Unity Catalog in Databricks: unified governance for data and AI
João Barros
01 de January de 2025
2 min read
Unity Catalog is the Databricks data governance solution that unifies access control, lineage and auditing in a single metadata plane shared across all workspaces. It replaces local Hive metastores with a centralized, multi-workspace catalog.
Object hierarchy
Metastore (1 per region)
└─ Catalog (e.g. prod, dev, raw)
└─ Schema / Database
└─ Table / View / Volume / Function / Model
Create a basic structure
-- SQL in Databricks
CREATE CATALOG IF NOT EXISTS prod;
CREATE SCHEMA IF NOT EXISTS prod.sales;
CREATE TABLE prod.sales.fact_orders
USING DELTA AS SELECT * FROM hive_metastore.legacy.orders;
Granular access control
-- Grant read access to a group
GRANT SELECT ON TABLE prod.sales.fact_orders TO `analysts`;
-- Access to a full schema
GRANT USE SCHEMA, SELECT ON SCHEMA prod.sales TO `data_team`;
-- Mask a sensitive column
ALTER TABLE prod.sales.customers
ALTER COLUMN tax_id SET MASK mask_pii USING COLUMNS (current_user());
Automatic lineage
Unity Catalog automatically captures lineage between tables when you use SQL or Delta Live Tables. View it in the Data Explorer: Table → Lineage Graph.

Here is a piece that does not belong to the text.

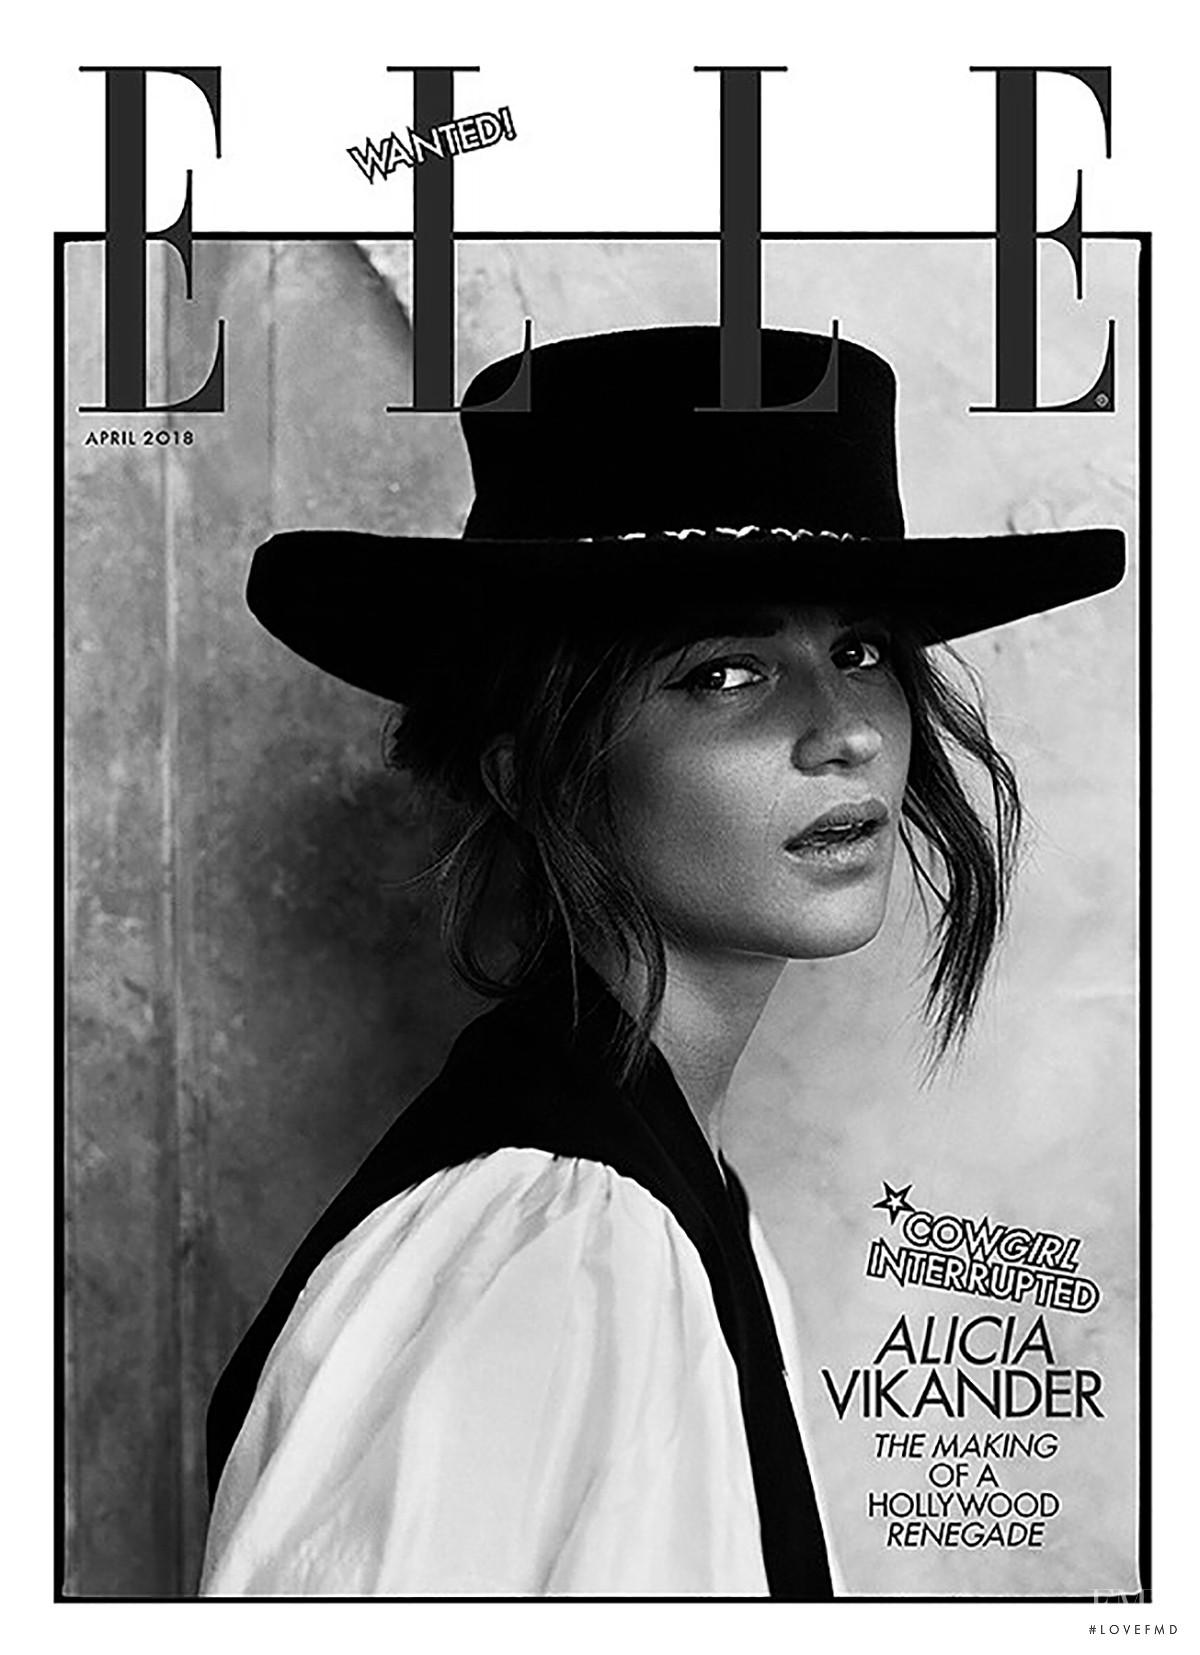 Алисия Викандер в фотосессии Elle UK (апрель 2018) - вторая черно-белая обложка

External Locations and Volumes
-- Register external storage
CREATE EXTERNAL LOCATION my_adls
URL 'abfss://container@account.dfs.core.windows.net/'
WITH (STORAGE CREDENTIAL my_credential);
-- Volume for access to non-tabular files
CREATE VOLUME prod.raw.incoming_files
LOCATION 'abfss://container@account.dfs.core.windows.net/incoming/';
Conclusion
Unity Catalog turns Databricks into an enterprise-ready platform. With a single catalog for the whole organization, it eliminates permission silos between workspaces and gives data teams full visibility into who accesses what and where data comes from.